* About this task:
For the material below, the expected output is exactly the lines between the line holding "of this glorious" and the line holding "Chipboard Sheets 8.5", inclusive, with pictures left out.

* Data records:

--*--

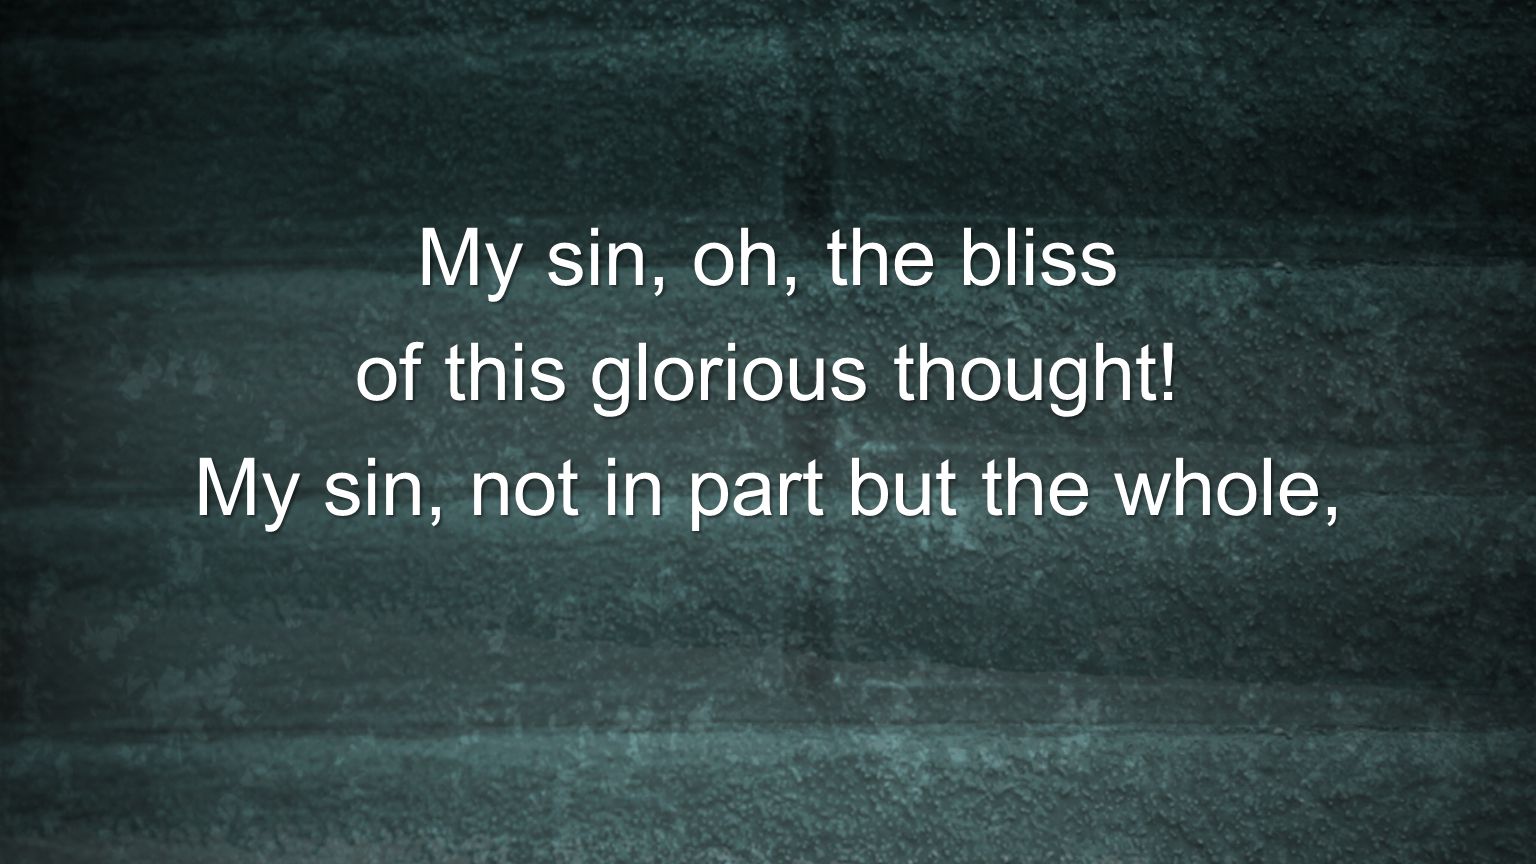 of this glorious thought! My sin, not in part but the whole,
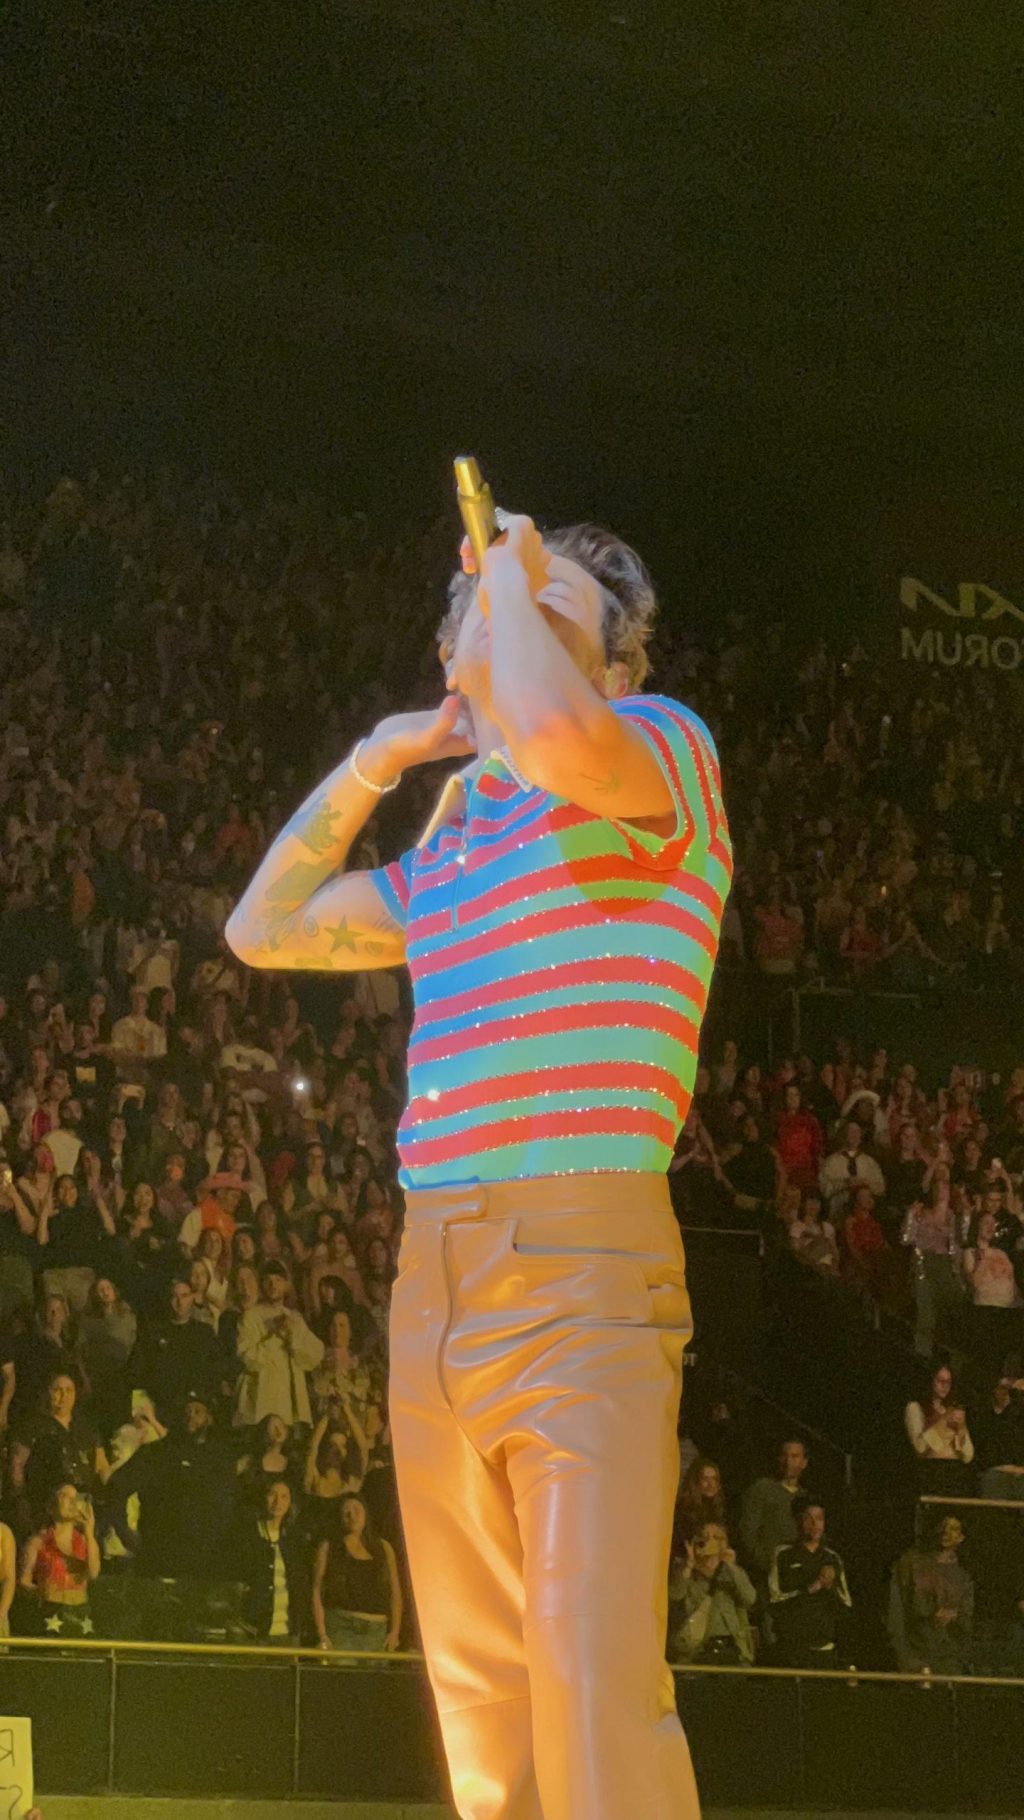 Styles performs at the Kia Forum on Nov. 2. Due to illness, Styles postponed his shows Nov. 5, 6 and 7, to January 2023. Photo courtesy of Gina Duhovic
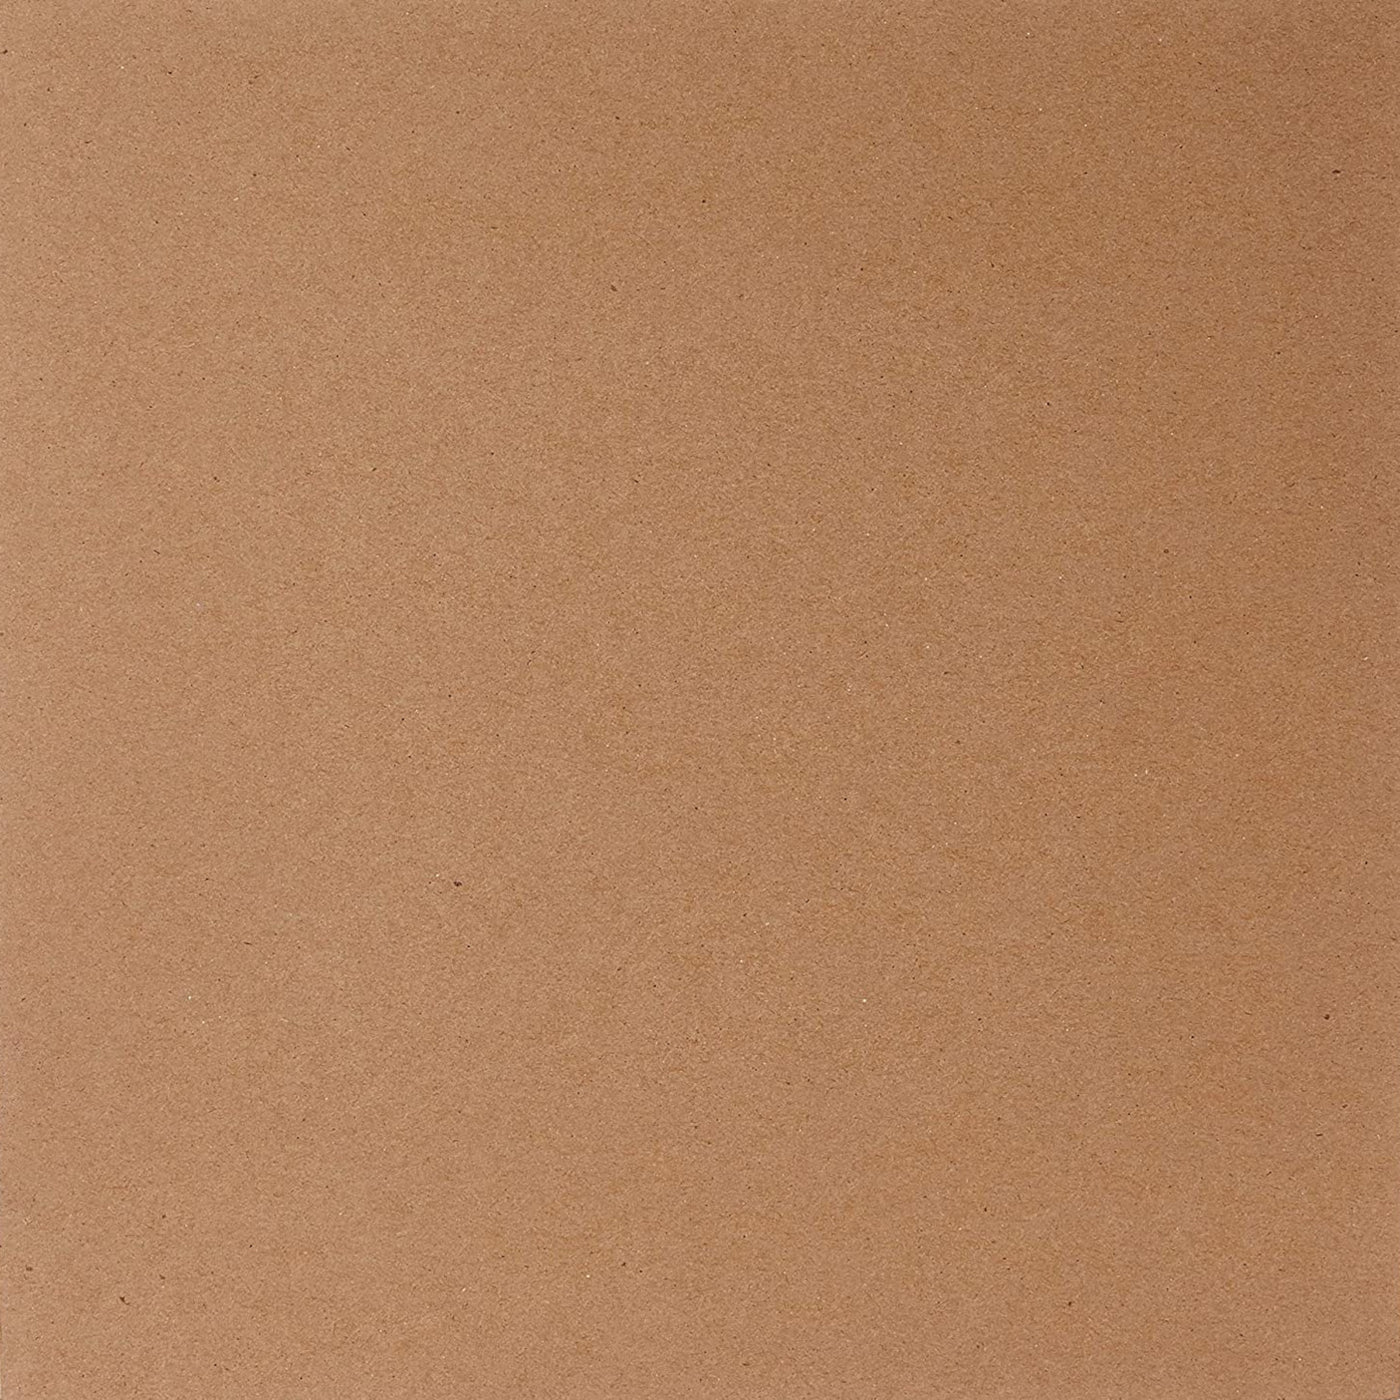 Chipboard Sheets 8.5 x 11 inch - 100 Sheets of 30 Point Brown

--*--

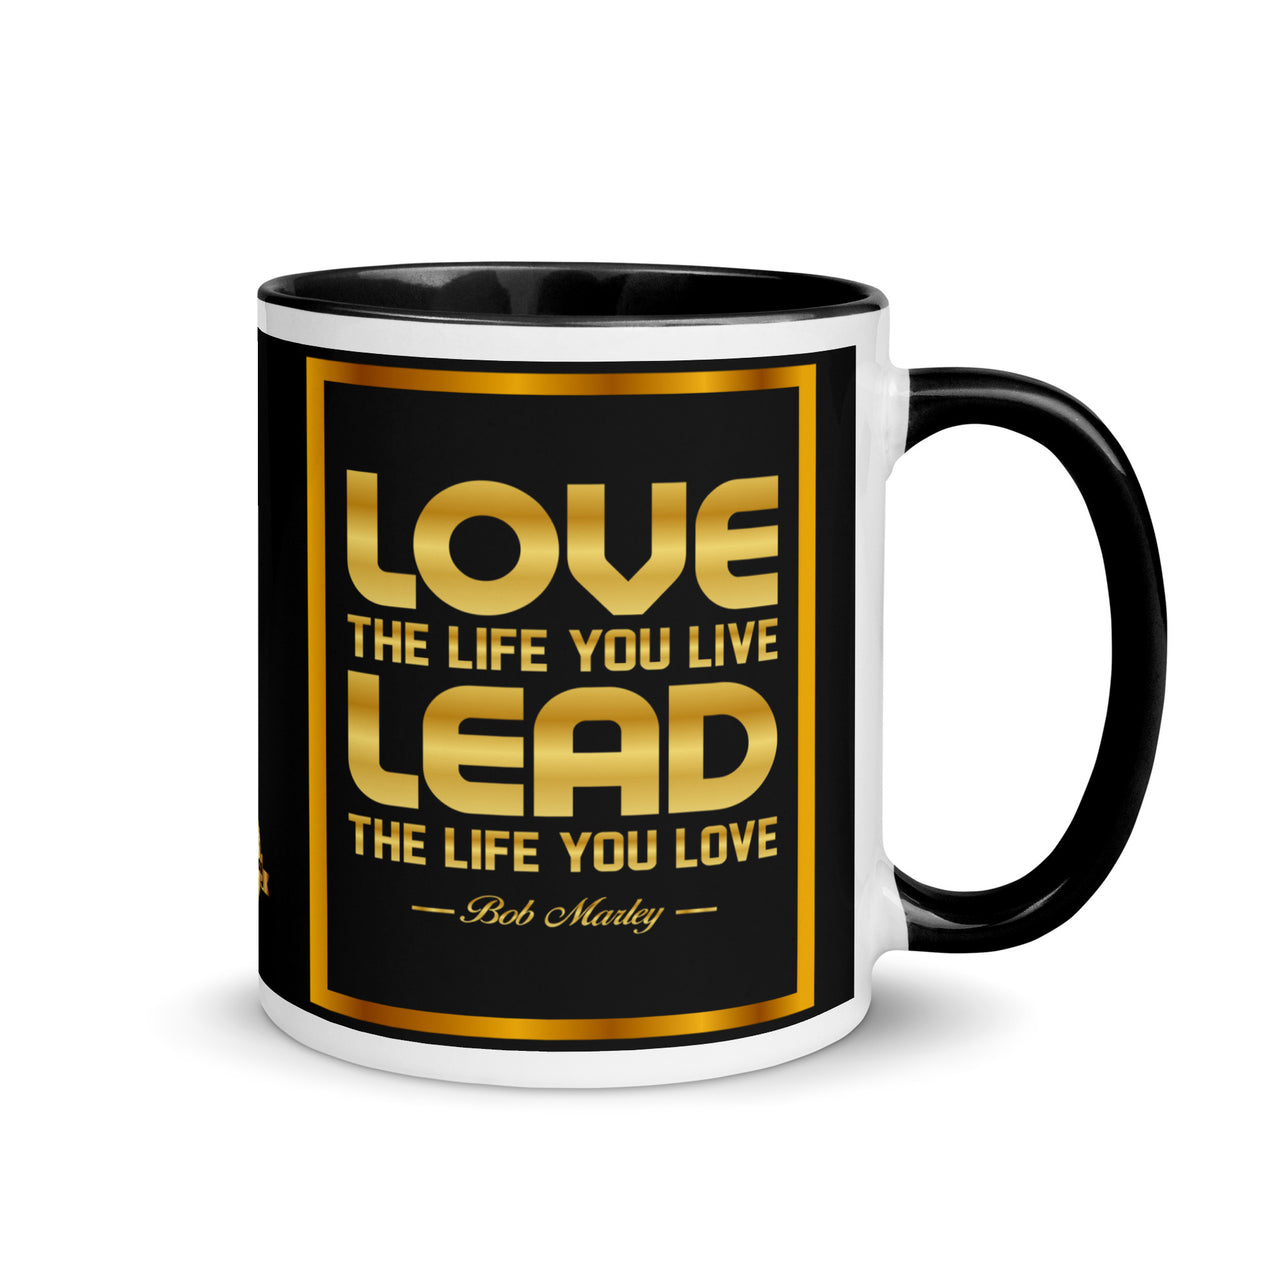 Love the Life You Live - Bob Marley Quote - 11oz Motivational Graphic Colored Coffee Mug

--*--

* Answer to this problem:
 of this glorious thought! My sin, not in part but the whole,
 Styles performs at the Kia Forum on Nov. 2. Due to illness, Styles postponed his shows Nov. 5, 6 and 7, to January 2023. Photo courtesy of Gina Duhovic
 Chipboard Sheets 8.5 x 11 inch - 100 Sheets of 30 Point Brown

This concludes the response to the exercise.